TryMediaNusantara.com, 16 Maret 2026, Jakarta – Presiden Republik Indonesia, Prabowo Subianto, menegaskan dedikasi pemerintah dalam memperkokoh transparansi serta tata kelola yang kredibel pada sistem pasar keuangan nasional. Langkah ini diambil sebagai strategi utama untuk memelihara kepercayaan masyarakat sekaligus memperkuat stabilitas ekonomi di tengah dinamika global.
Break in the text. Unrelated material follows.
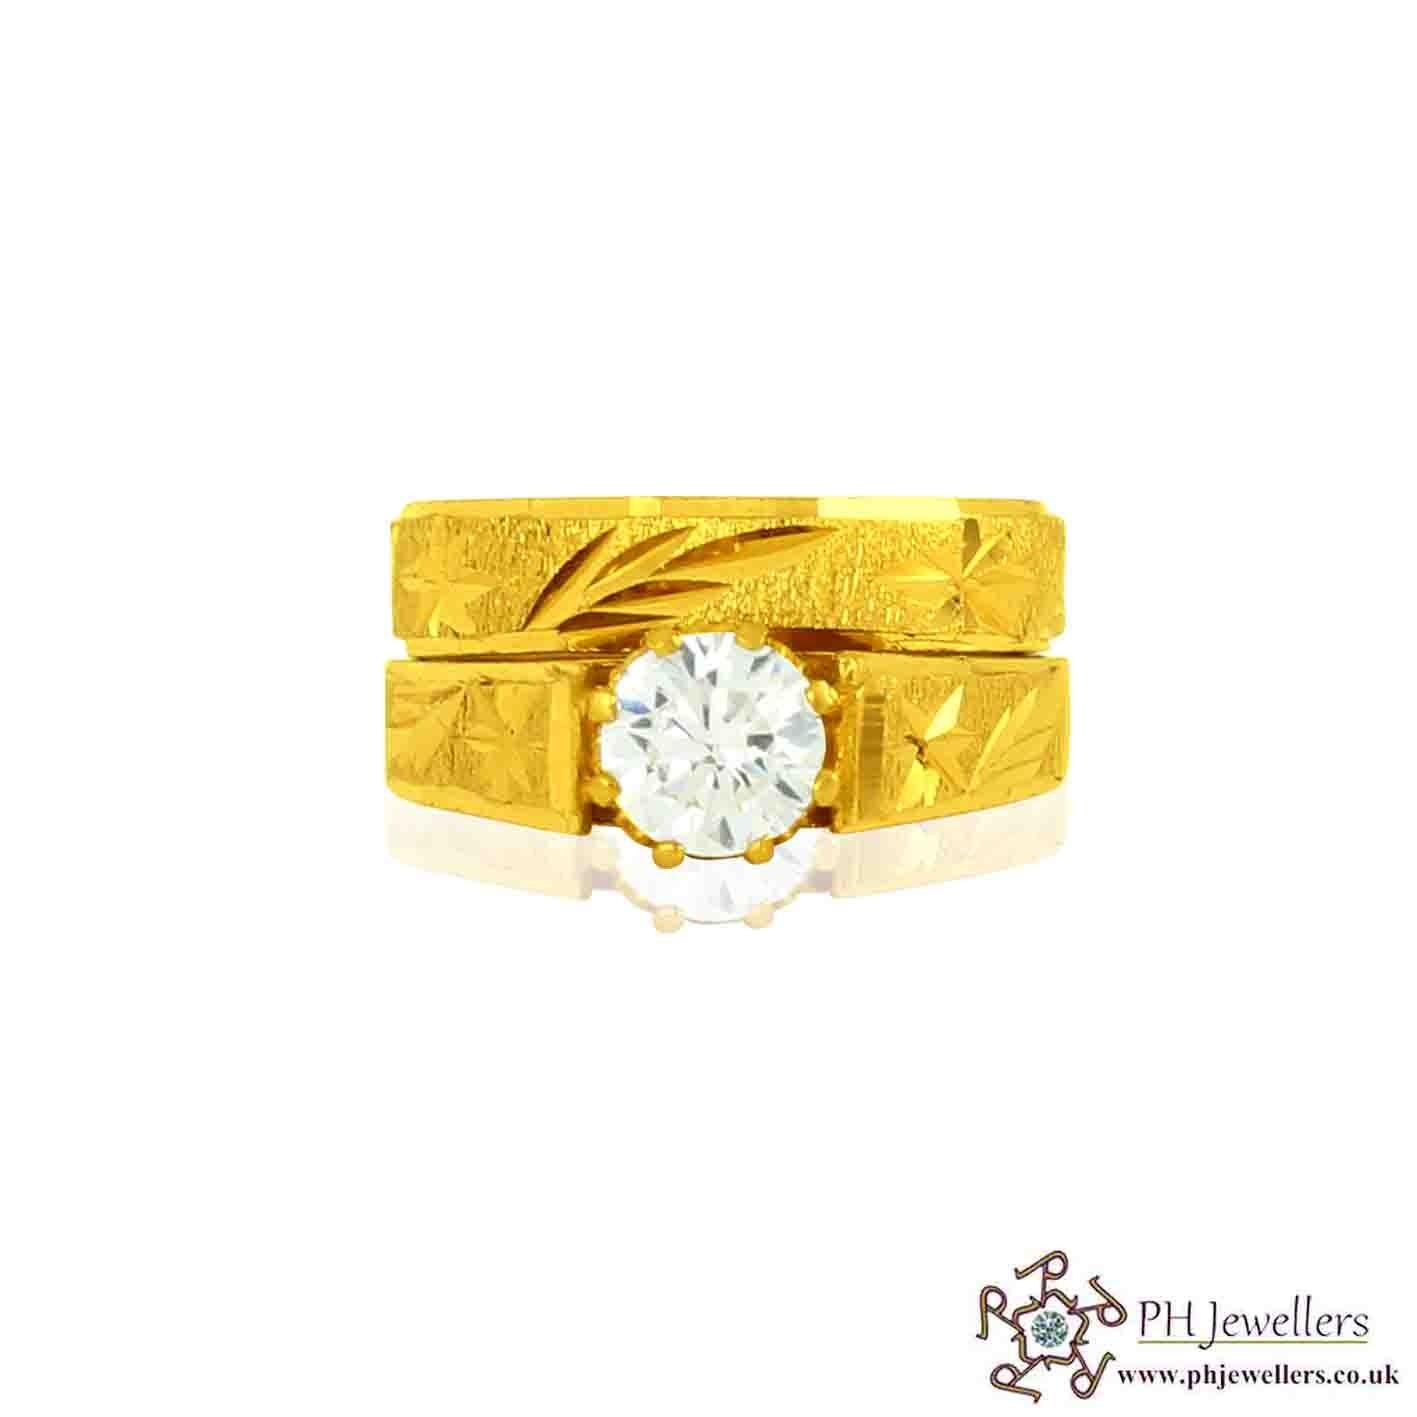 22ct 916 Hallmark Yellow Gold Round Size N Ring CZ WBSR16
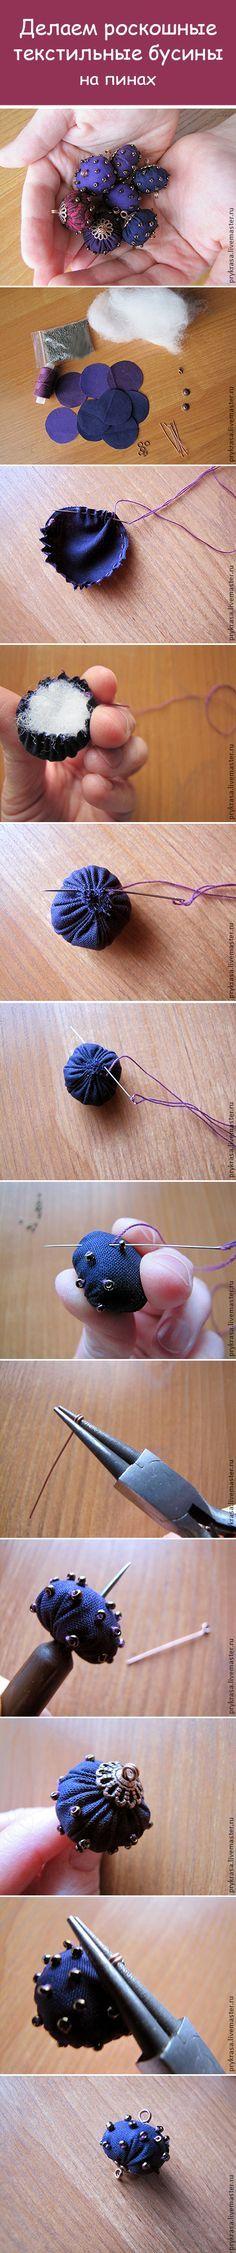 Как сделать текстильные бусины / How to make textile beads #beads #maserclass…

Melalui penguatan aturan dan pengawasan, pemerintah berupaya memastikan seluruh aktivitas keuangan di Indonesia berjalan secara sehat, terbuka, dan dapat dipertanggungjawabkan.
Dalam sebuah wawancara dengan media internasional, Presiden memberikan pandangannya mengenai fluktuasi yang sering terjadi di bursa saham. Beliau menyadari bahwa dinamika pasar modal memang dapat memengaruhi persepsi para investor dalam periode singkat. Namun, Presiden meyakini bahwa kekuatan fundamental ekonomi sebuah negara akan menjadi tolok ukur utama yang dinilai oleh para pemodal dalam perspektif jangka panjang.
Komitmen terhadap keterbukaan informasi menjadi perhatian utama Presiden demi melindungi seluruh lapisan investor, terutama mereka yang memiliki modal terbatas. Beliau menekankan bahwa sistem yang tertutup hanya akan merugikan publik dan menciptakan ketidakadilan. Hal ini senada dengan prinsip yang ditegaskannya secara lugas: “Kami menginginkan transparansi penuh. Banyak masyarakat kecil bisa kehilangan uangnya di pasar yang tidak transparan.”
Lebih lanjut, Presiden menjelaskan bahwa transparansi bukan sekadar prosedur administratif, melainkan pilar penting untuk membangun ekosistem pasar yang adil. Dengan adanya jaminan keterbukaan, masyarakat yang berpartisipasi dalam kegiatan investasi akan mendapatkan perlindungan hukum dan keamanan yang lebih baik. Hal ini diharapkan dapat mendorong minat investasi domestik yang lebih luas dan berkualitas di masa depan.
Sebagai penutup, pemerintah berkomitmen untuk terus menyelaraskan perkembangan pasar keuangan agar selaras dengan performa ekonomi riil nasional. Melalui tata kelola yang solid, setiap pergerakan di pasar modal diharapkan mencerminkan kondisi fundamental Indonesia yang sebenarnya. Langkah-langkah strategis ini merupakan bagian dari visi besar pemerintah untuk menciptakan pertumbuhan ekonomi yang inklusif, stabil, dan berkelanjutan bagi seluruh rakyat.